HC Deb 10 February 1881 vol 258 cc491-2
MR. BAXTER

asked the Secretary of State for India, Whether, as promised last year, inquiry has been made as to funds supplied by the general taxation of India and spent in paying salaries of chaplains, not for officers in the service of the Queen only, but for planters and merchants and persons wholly unconnected with the Government; whether it is not true that more than half of the Church of England chaplains are at stations where there are no European troops, that of the forty-four chaplains in the cities of Calcutta, Madras, and Bombay, only nine minister to European troops, that at Berhampore the chaplain gets £1,000 per annum, while the number of officers and men who attend is eight; whether, notwithstanding the promise of the Indian Government to revise and reduce this expenditure, fresh chaplains have recently been appointed to stations where there are few or no officials; and, whether he will send out instructions to the Governor General to take vigorous measures for removing all just cause of complaint in this matter?
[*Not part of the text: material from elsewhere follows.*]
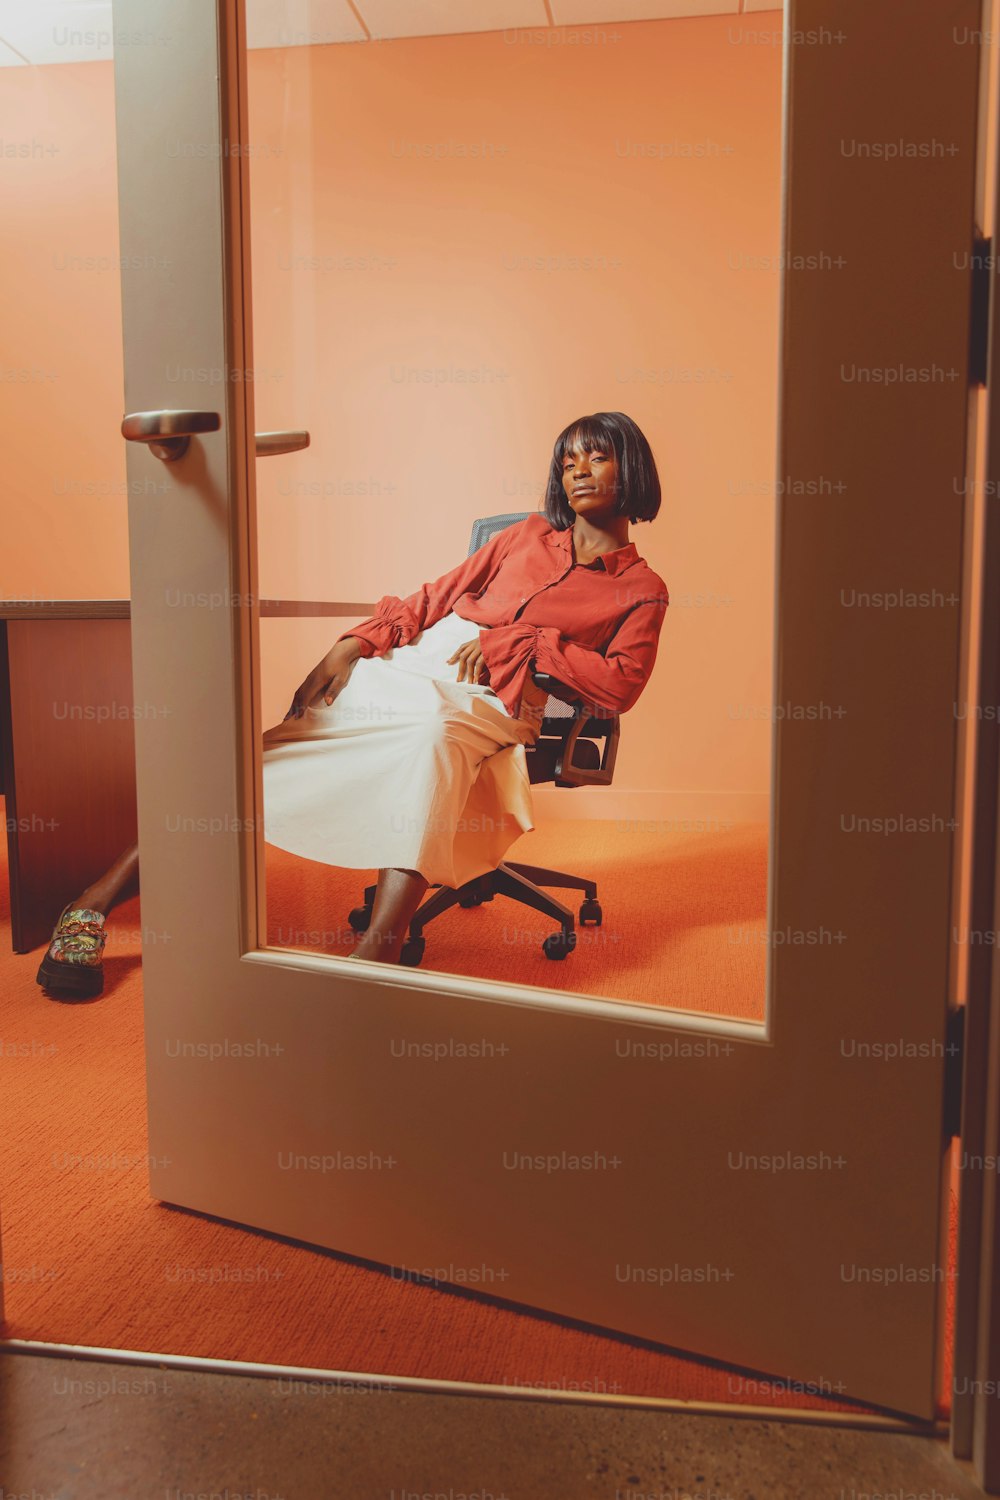 a woman sitting in a chair in an orange room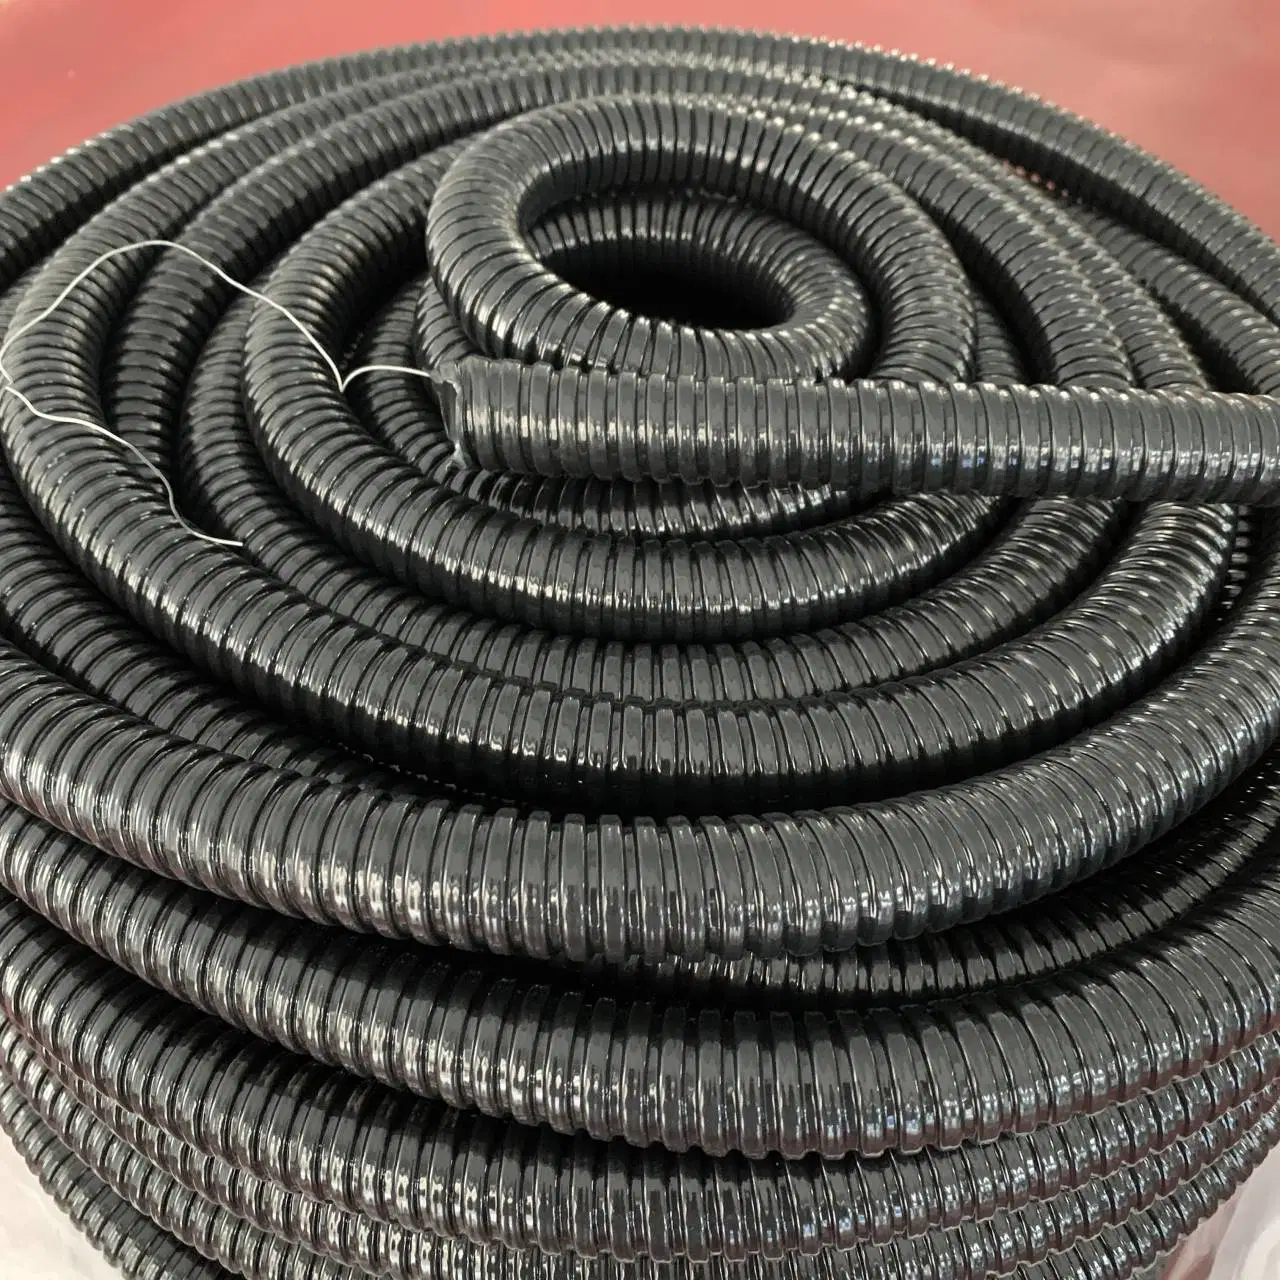 China Supplier PE Plastic Flexible Corrugated Tube for Electrical Wire

THE MARQUESS OF HARTINGTON

Sir, in reply to the Question of my right hon. Friend the Member for Montrose, I may say that a despatch was sent to the Government of India on the 17th of June last, asking for the information which I promised on the 31st of May last I would make an inquiry about. 1. The Government of India have called upon the Bishop of Calcutta to furnish this information, but no reply has at present been received. 2. The number of Church of England chaplains in India is 160, reduced by absentees on furlough to 139. Of the 160 chaplains, it would appear from the Parliamentary Return, dated February 5, 1880, that not more than 30 chaplains are at stations where there are no European troops, or one-fifth of the whole number. The same Return shows 30 chaplains—not 44— in the cities of Calcutta, Madras, and Bombay, and that at Berhampore, in the Madras Presidency, there is a retired chaplain, who receives, in addition to his pension, 1,200 rupees per annum, and a travelling allowance of 382 rupees per annum—not £1,000 per annum— from Government for ministering at that place and seven other stations. Chaplains are not provided for soldiers only; civil servants of the Crown, as well as military servants, are entitled to the services of chaplains. It appears from the Return already quoted that the military servants occupy four-fifths of the whole number of chaplains. The Government of India do not appear, so far as I can ascertain, to have paid sufficient attention to their promise to revise this expenditure, and I propose to call their attention again to this subject.